Future Tense Science Fiction
The March 3rd edition of ABC Radio national’s superb Future Tense program focused on Science Fiction and SciFi Cinema. I did a long and wide ranging interview with host Antony Funnell which covered such topics as Why Australia doesn’t make SciFi films (and why perhaps it should and could), the relationship between SciFi and visual Effects and the potential new eave of SciFi that we may be about to head into.

From the Interview:
Mike Jones: Australia makes so few science fiction films. Its history of cinema is rich and varied but we’ve made so few science fiction films, and yet we would seem to be a nation well-groomed to make science fiction film. We have good science, you know world-leading science in this country, we are naturally a frontier which is so much a part of the science fiction canon, so it’s a bit of a mystery why we don’t. And yet science fiction films continuously perform very well at the Australian box office, international science fiction films are enormously popular amongst Australian audiences. So there’s this strange gap between the popularity of the genre as a film genre, and young film makers who are interested in it and yet not actually making a lot of sci-fi at the other end.

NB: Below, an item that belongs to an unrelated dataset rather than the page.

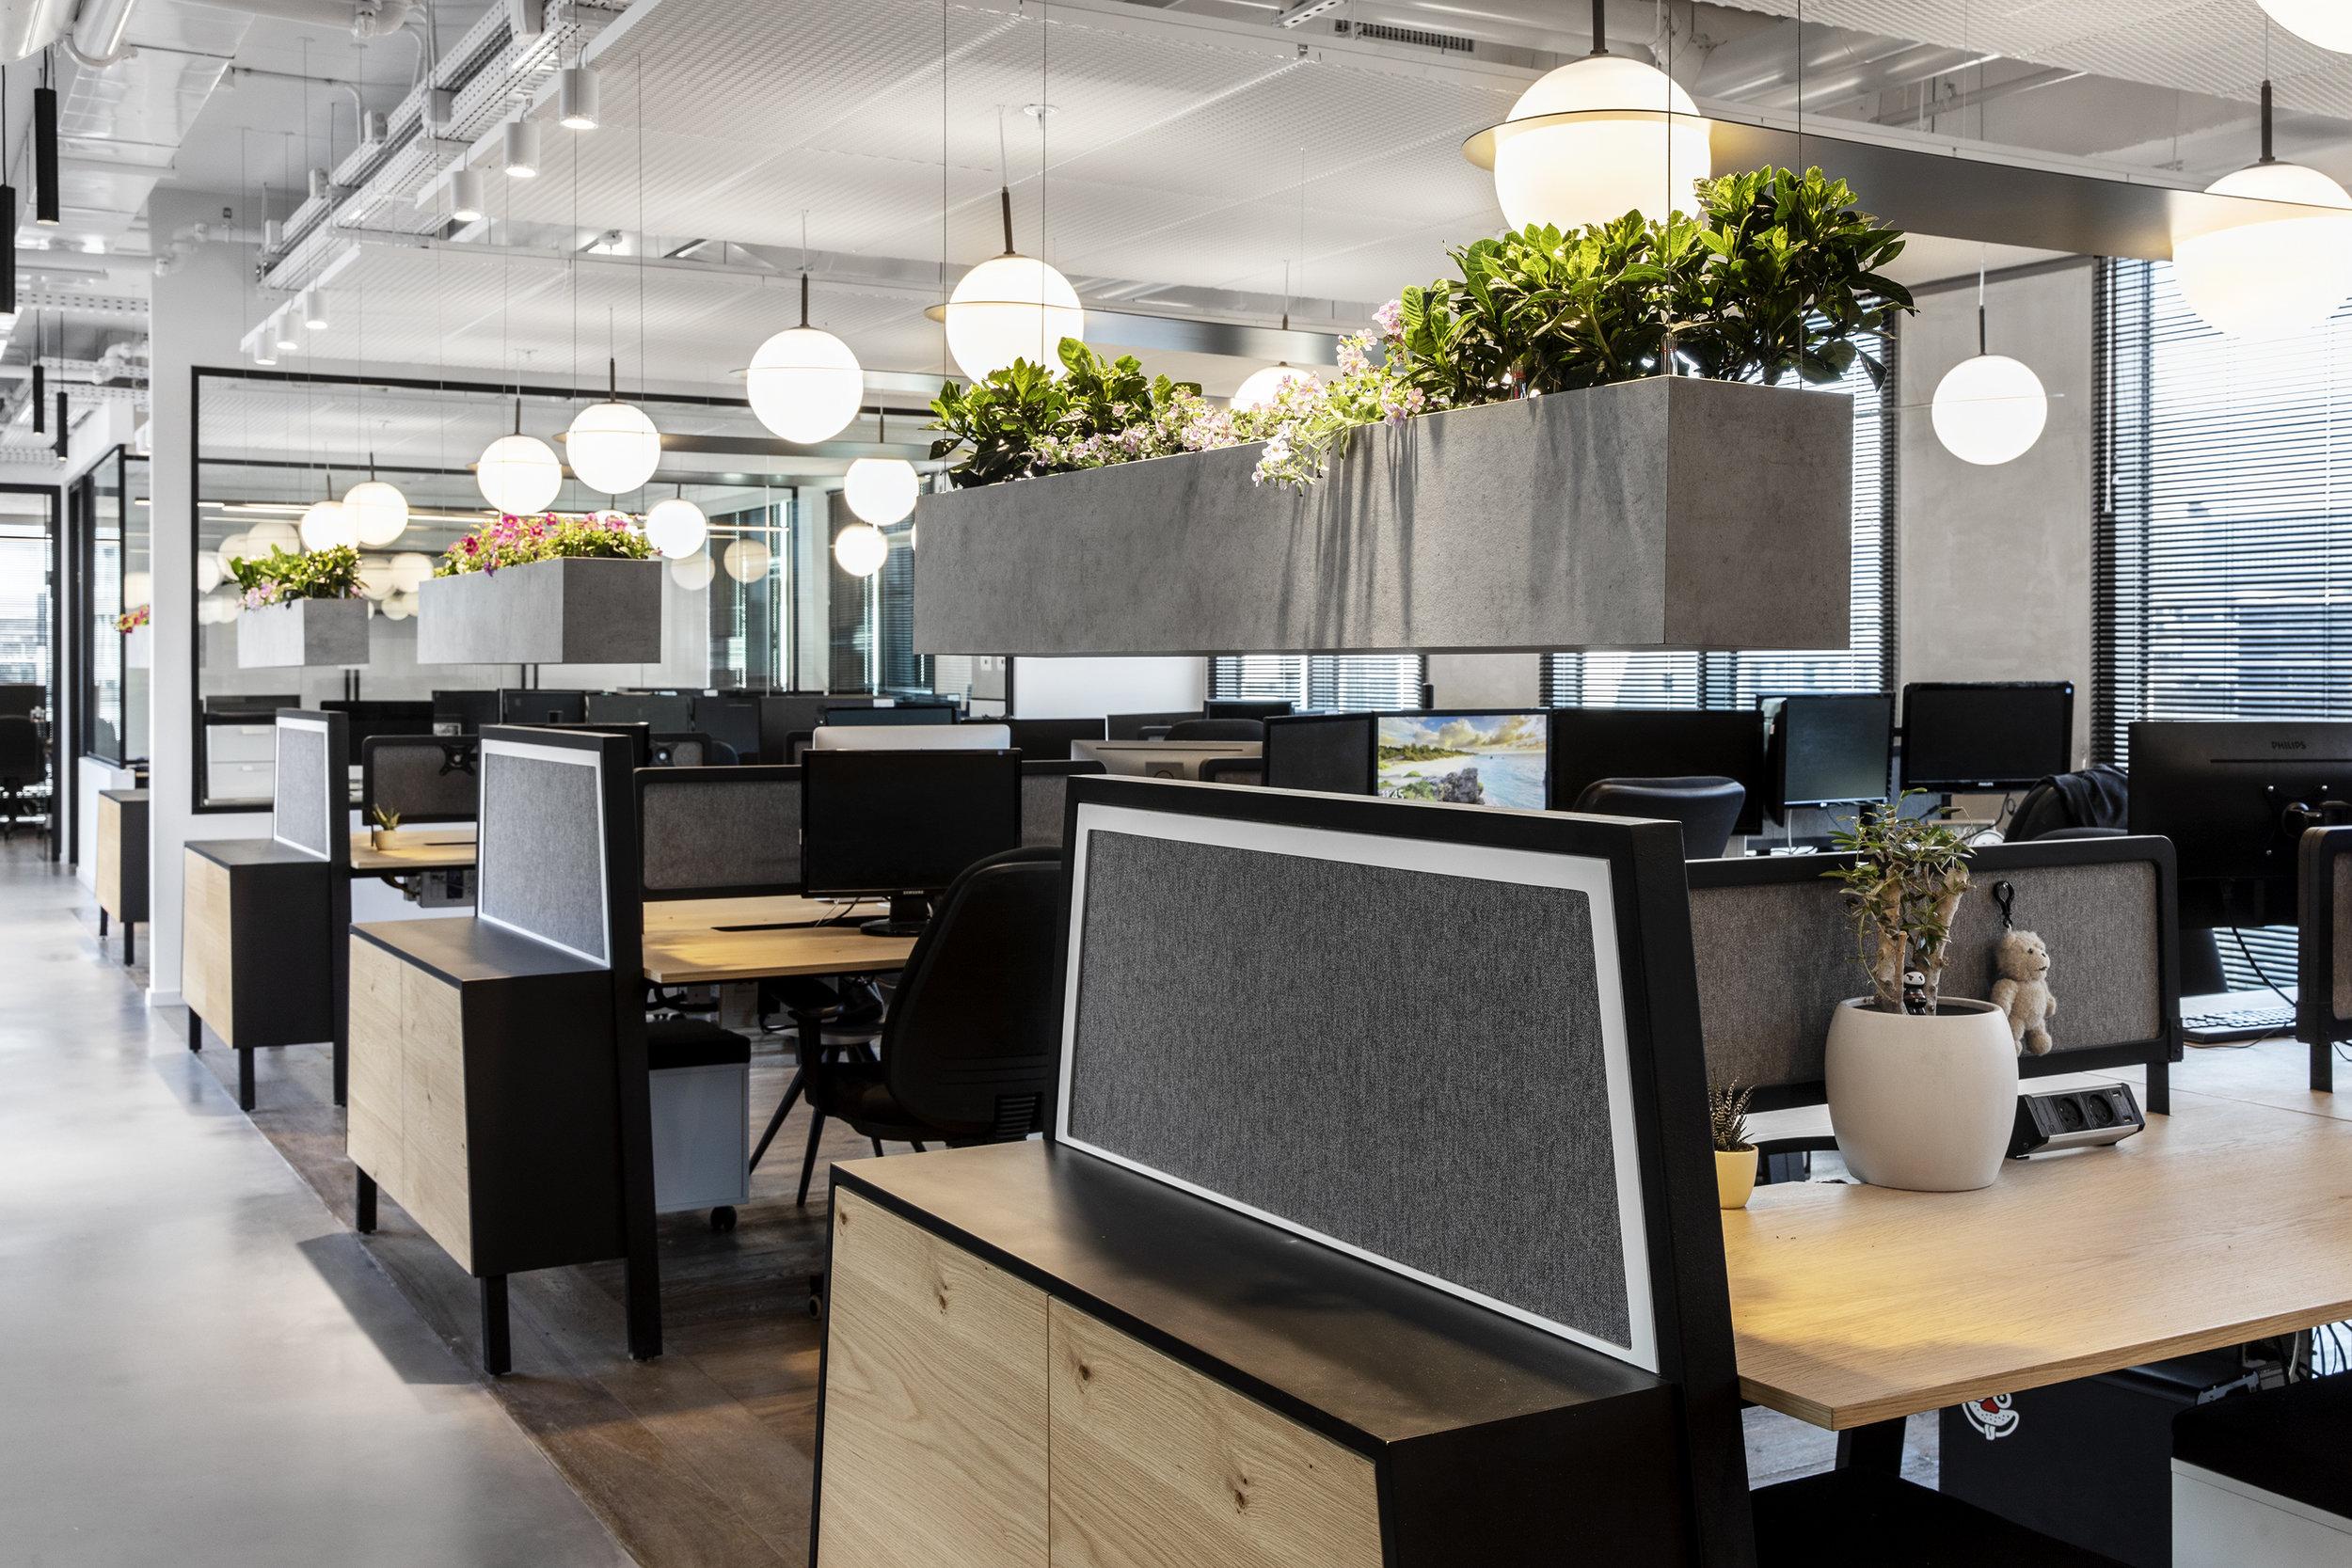 R2NET OFFICES - ROY DAVID ARCHITECTURE  STUDIO - רואי דוד אדריכלות סטודיו אדריכלים - אר2נט (19).jpg

Antony Funnell: Is it because there is a bit of a perception that science-fiction, you know it involves big budgets, that a lot of the most popular science-fiction has certainly been extravagant in that way. Is there a sense that in Australia we tend to do low budget films or low budget television.
Mike Jones: I think it’s absolutely part of the equation, particularly with regard to Australian film makers, is a belief that there’s a synonymous relationship between bit budget and science fiction. And it’s not only not true historically, as in the past that hasn’t been the case. It’s certainly not true now in a very contemporary sense. We’re seeing some of the most dynamic science-fiction films we’ve seen in a decade at least, when we look at films like Moon out of the UK, or District 9 out of South Africa last year. They were enormously popular at the box office, played to very mainstream audiences, and yet by comparison to the sort of Armageddons or the monster films of the ’90s and then the early part of the 2000s, these films were very modest in budget and they really did play to where science fiction is most at home, which is ideas. If the idea is compelling, the budget only has to support the idea. It doesn’t have to support the spectacle, and that’s something we really try and work through in the course when I teach science fiction is How do we get an idea that instils those feeling states of fear and awe that are so much a part of science fiction? If the idea can do that, the spectacle can be released to lower budgets.

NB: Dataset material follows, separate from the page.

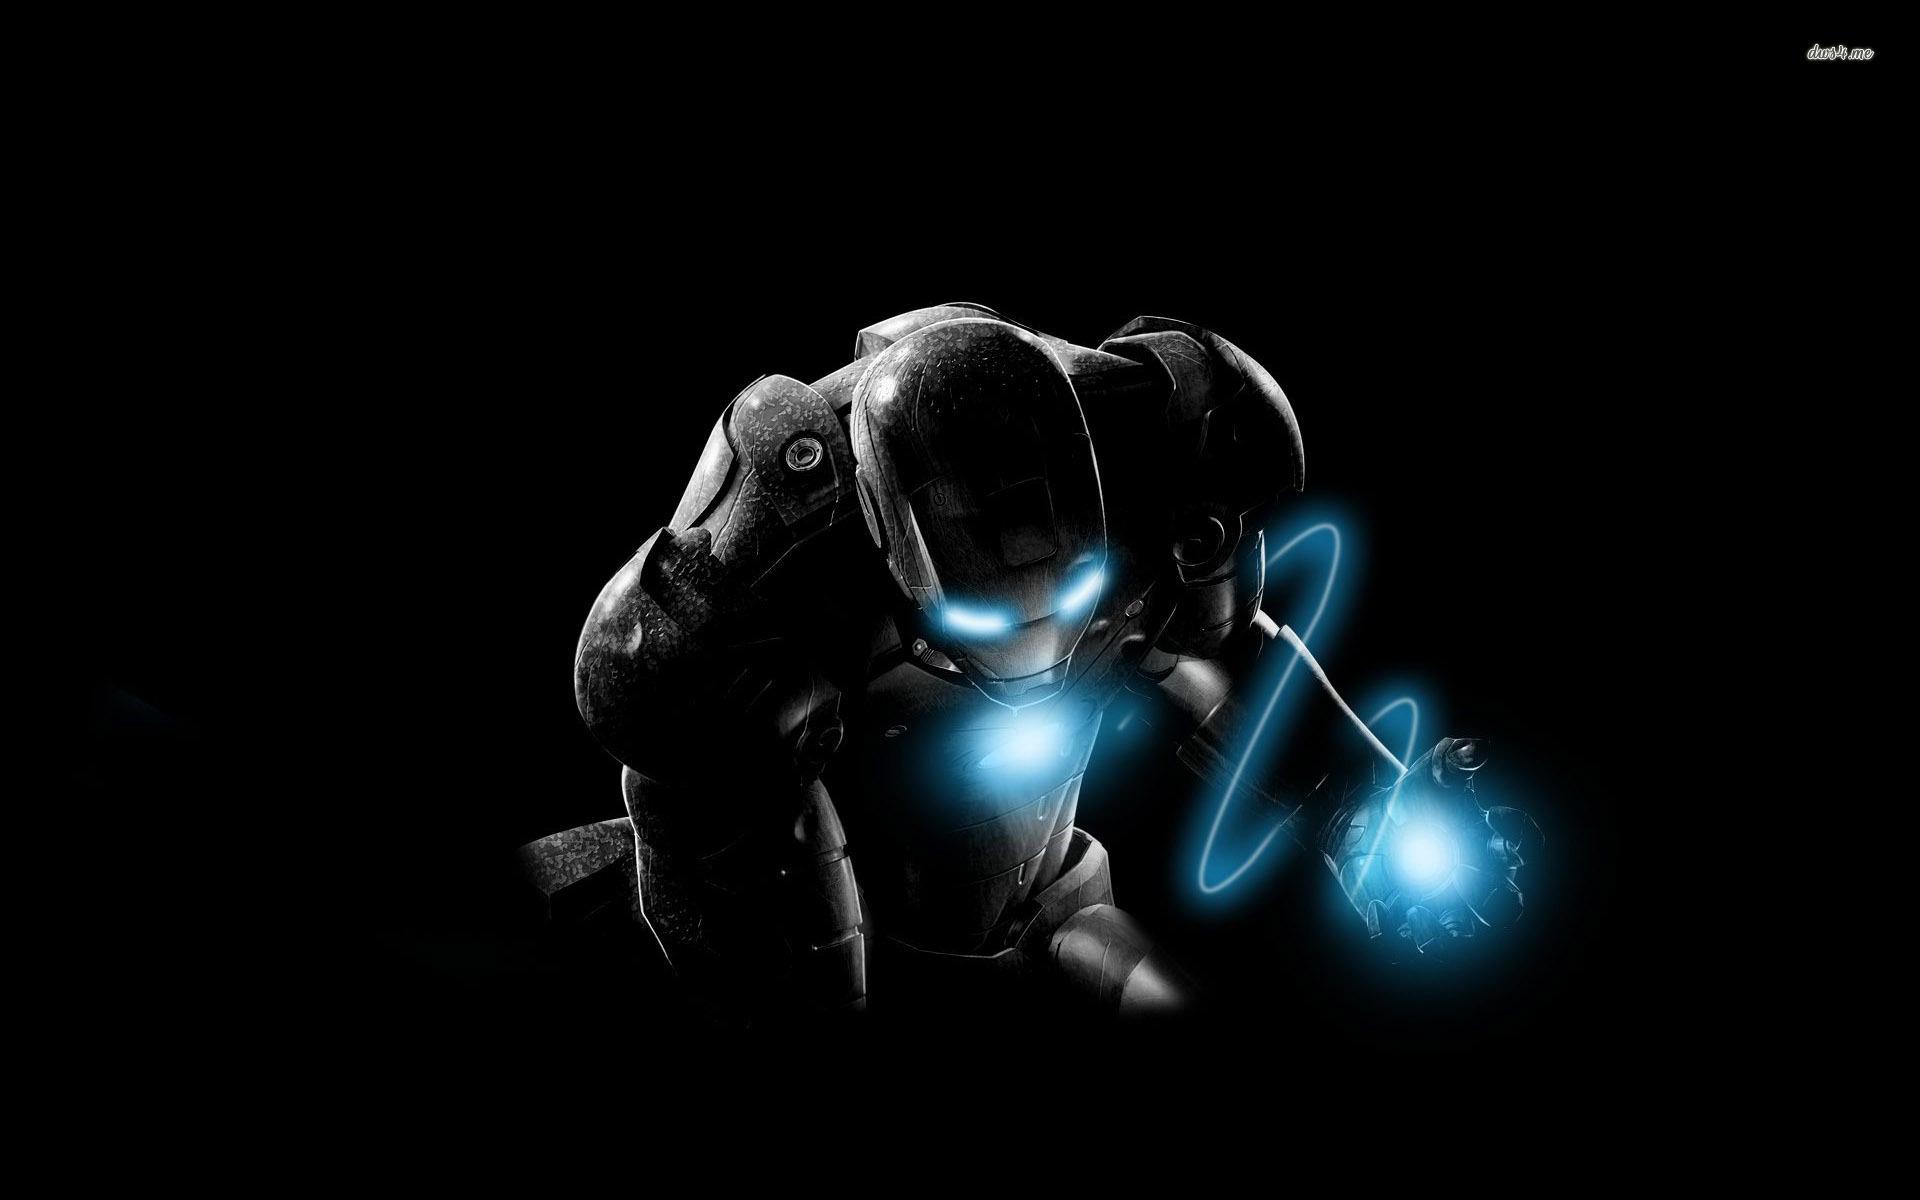 Rajesh 3d Name Wallpaper Download Iron Man Widescreen Wallpapers 06147 Baltana

Antony Funnell: So from what you’ve said there, I take it we are in a bit of a resurgence of science fiction, are we?
Mike Jones: Yes, well science fiction goes through phases, and genres themselves, film genres, literary genres are invariably flexible and evolvable. But what was saw through the ’80s and the ’90s was a shift in science fiction away from the high concept philosophical question at the heart of the science fiction story and more towards the monster or the disaster film, which in many ways are sub genres of science fiction. And what we’ve seen lately is a steer back to clear ‘what if’ questions at the heart of science fiction. So less away from the monster film which might just use the science as a catalyst, and much more to the science being integral to the idea inherent in a story. And those two films I mentioned earlier Moon andDistrict 9 give us two ends to that spectrum. So with Moon we have what we might call a hard sci-fi, the hard science fiction, where the science they’re dealing with, human cloning, mining helium-3 on the moon, these are very real and tangible scientific pursuits here and now. And the film simply extends them. Whereas we take a film like District 9 and the science is much more an allegory. What if aliens came and they weren’t conquerors, they were desperate refugees? And those two ends give us a very broad range of thinking about science fiction, between that which extends upon a science that’s very new to us, and that which is dealing with the science as an allegory or as a metaphor for something that’s happening here and now.